Let me know if this clears things up or if you have more questions on specific parts.

Owww, the complexityyy haha

Oooh, I misunderstood – this doesn’t bother me then. It’s a pretty interesting observation though.

That clears up a lot.

  • Is there a way to build the system so the AD graph is the same?

I’ll need to do some digging, but I would have expected the AD graph to be constructed identically.

Hi!

Sure, the ad graph can be built in the same way…in fact this what I have done already, see Here.

In that file you see the “usual” way of building the ad graph, which is commented out, and the current implementation works the same way as the mpi implementation. What this does now is to make results exactly the same and we get a nice speedup as gradient pre calculation seems to lead to nice speedups; at least in the models I looked at.

Best,
Sebastian

Sorry I missed this.

The answer is that floating point isn’t transitive or symmetric, so any difference in evaluation orders will lead to different results.

Interesting.

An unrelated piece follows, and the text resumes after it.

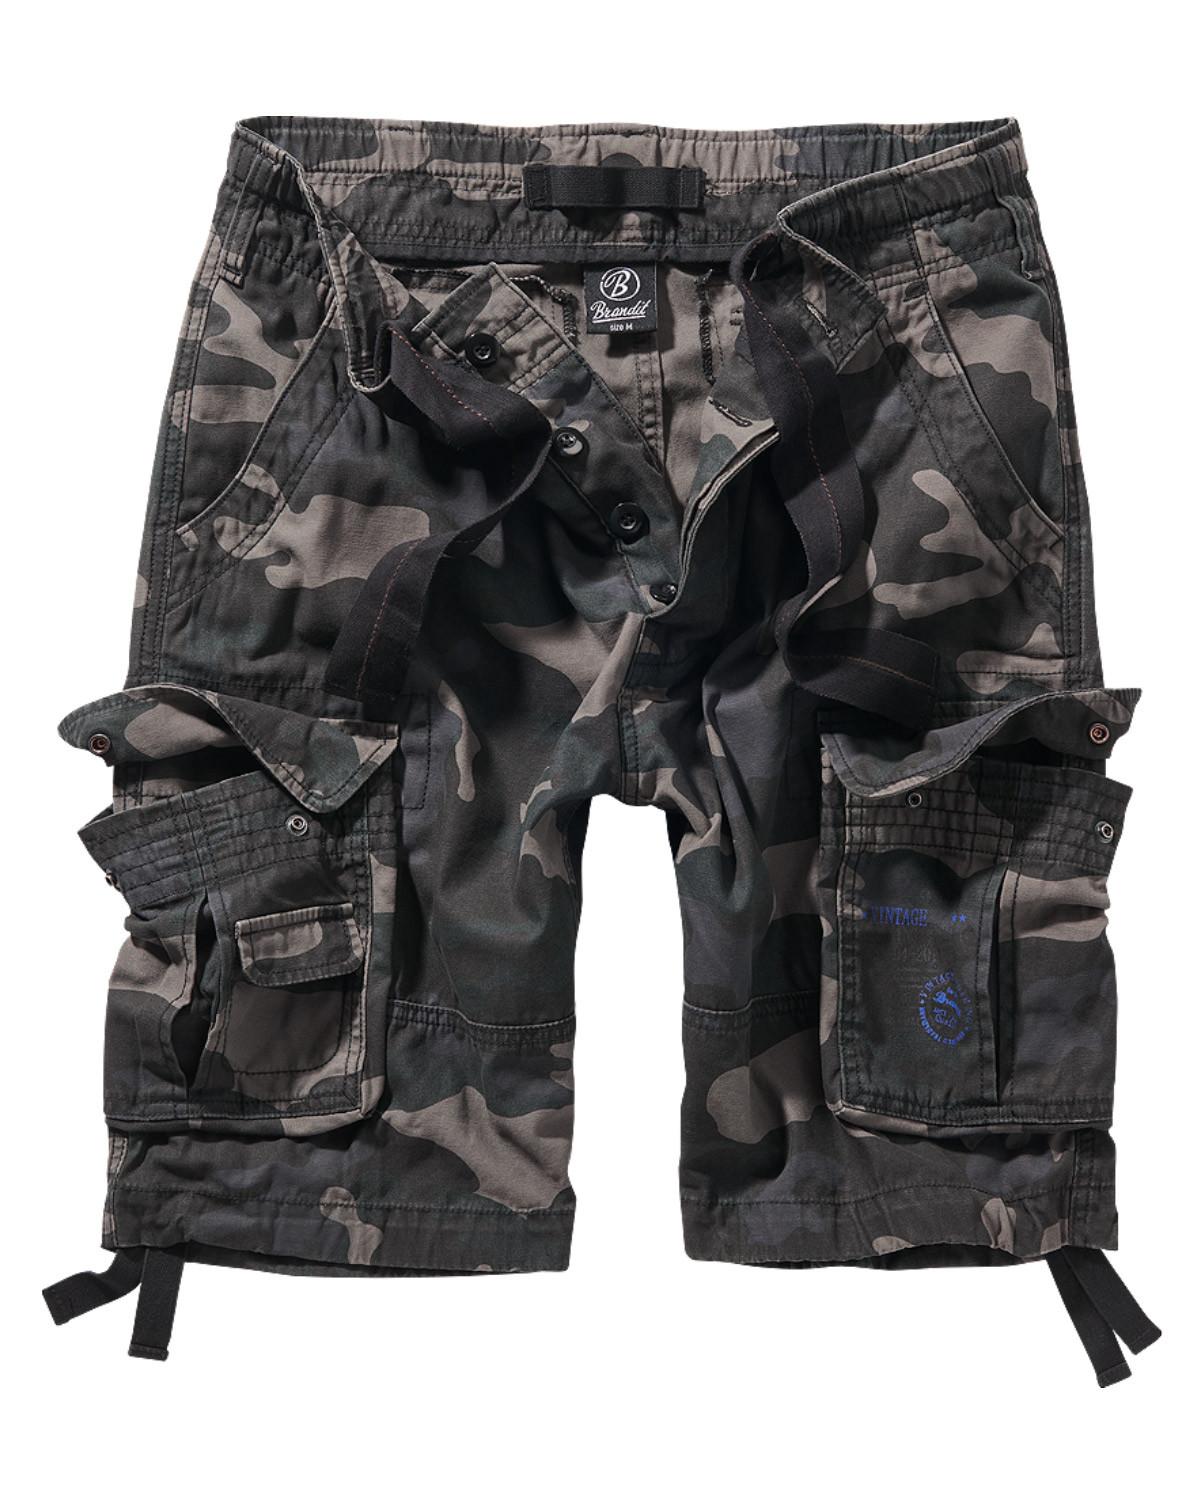 Image of   Brandit Pure Vintage Shorts (Black Camo, 2XL)

It was the distinction between the second two I was trying to get at in the meeting. So it’s not multi-processing or hyper-threading. Given that the two versions do the same arithmetic and that the MPI version does more constructing and copying, the only guess I have is that it’s memory locality. If you get much better cache locality when you’re done, that can easily make an 80% (or even 800%) difference in runtime.

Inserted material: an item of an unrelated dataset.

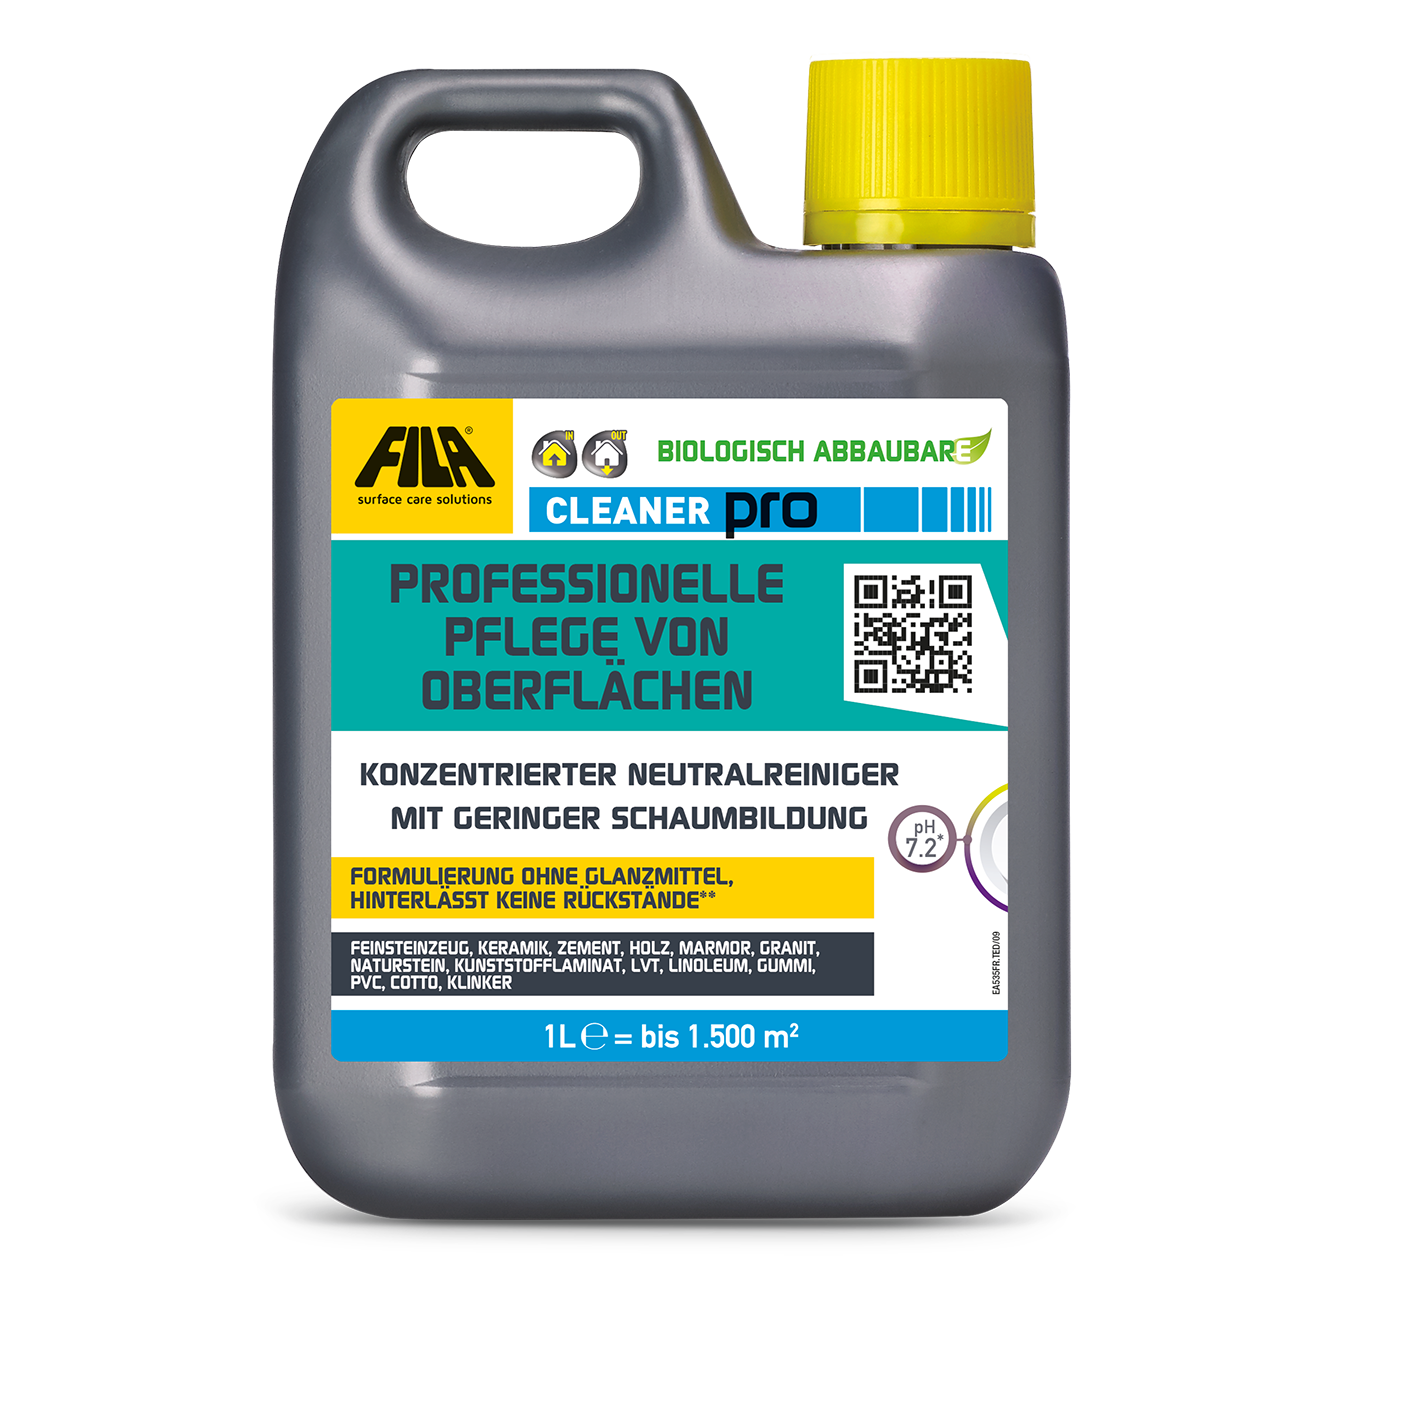 Fila Cleaner Pro - Unterhaltsreiniger - 1 Liter - rückstandsloser Natursteinreiniger

This does bring up an interesting issue for Stan in that we can do this ourselves in lots of cases. If we had graphical models, we could even do it automatically in many cases.

That’s certainly possible. It’s a different order of evaluation. The only place I can imagine big differences is with rounding, since there’s a bunch of multiply-add operations to pass adjoints.

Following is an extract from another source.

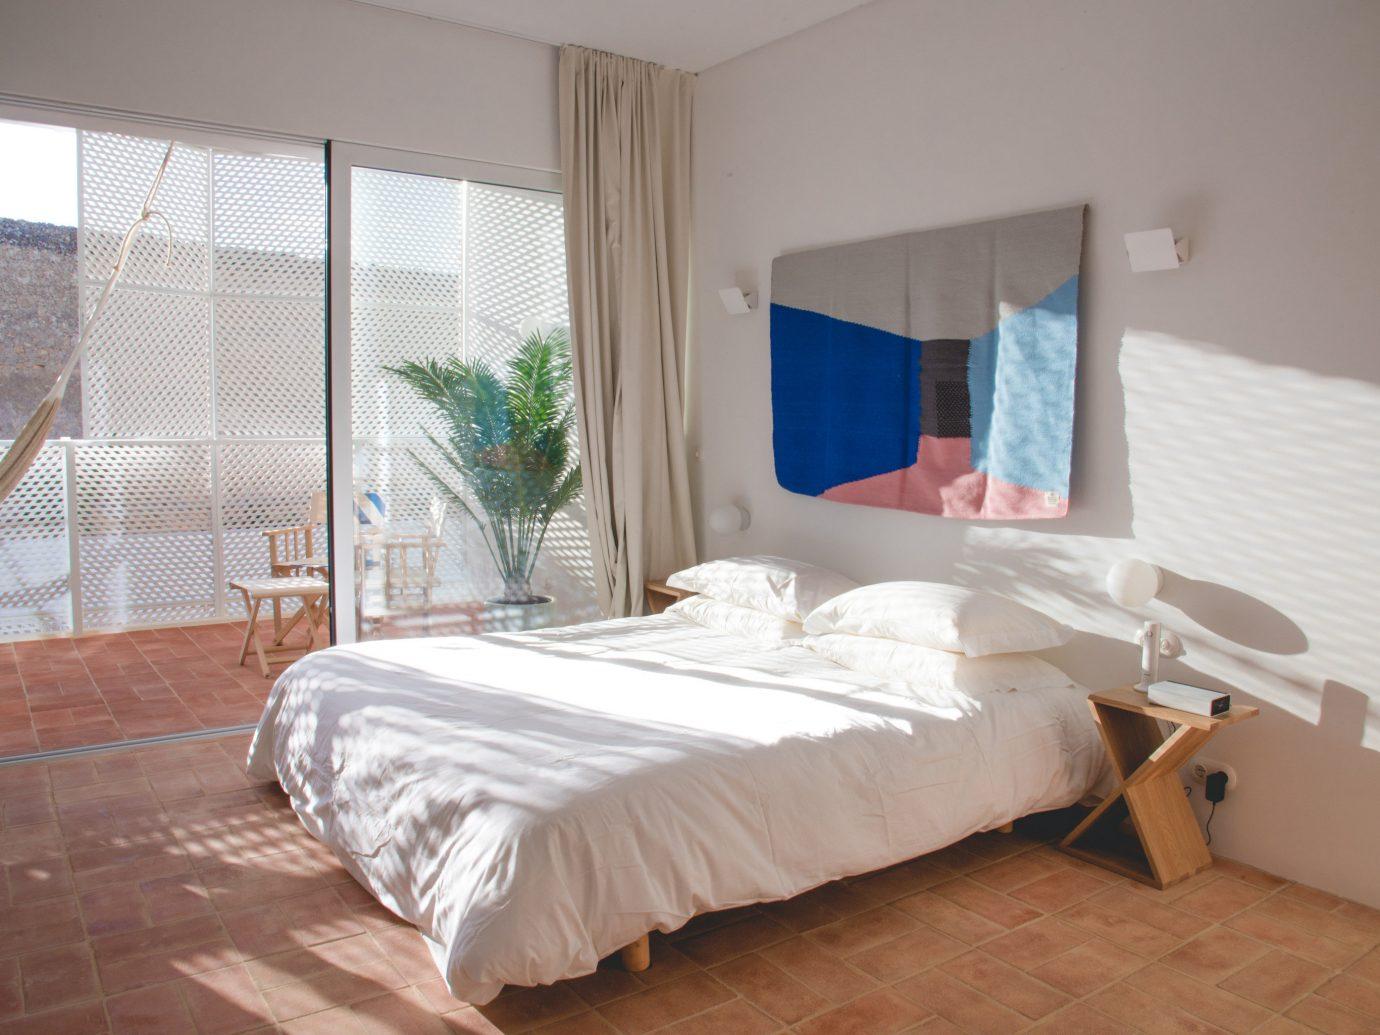 Hotels indoor bed window floor wall Bedroom room property cottage interior design Suite furniture real estate apartment hotel Villa bed frame

I’m pretty sure the divergences aren’t Stan divergences, just the chains behaving slightly differently numerically.

But Sebastian isn’t talking about forward mode here, but nested reverse mode. That too rearranges terms, so maybe it would be more stable. I can’t imagine why that would be in general.

Thanks! That was on my to-do list, but I didn’t realize (even from looking at the branch) that you’d already done it! Much better to have it this way so that we have some optimization latitude and so that results match. The only reason I was suggesting not doing it this way was complexity of implementation and not wanting to depend on any MPI code. You solved the latter problem by neatly factoring.

Sean’s OK with overall design, so now I’m on the hook to do the code review. Hopefully Daniel can help me here—he did this the last time. It sounds like we’re getting close here other than the way we’re going to do builds, which I’m pretty agnostic about out of ignorance.

I also think that very likely memory locality is better in the nested reverse mode approach of the precomputed_gradients approach of map_rect. There seems to be a good deal of optimization in here for other stan-math functions and analyzing the AD graph seems to be a promising approach for greater performance. However, to me it is still a bit early to conclude as I don’t have yet really understood how this speedup comes about. Good that we seem to agree on the reason for the speedup. I wonder how one can measure memory locality properties with profilers… anyone experience with that (I haven’t done my google searches yet on this)?

Great. Developing things to where they are was a big effort, but integrating it will me much easier as a joint effort. I will apply the new formatting magic to make things easier to read. This MPI stuff required a few “creative” solutions such that I would not be surprised if you have questions along the review; feel free to ask.

I’m pretty sure the profilers let you measure cache misses, which is a very good proxy for memory locality.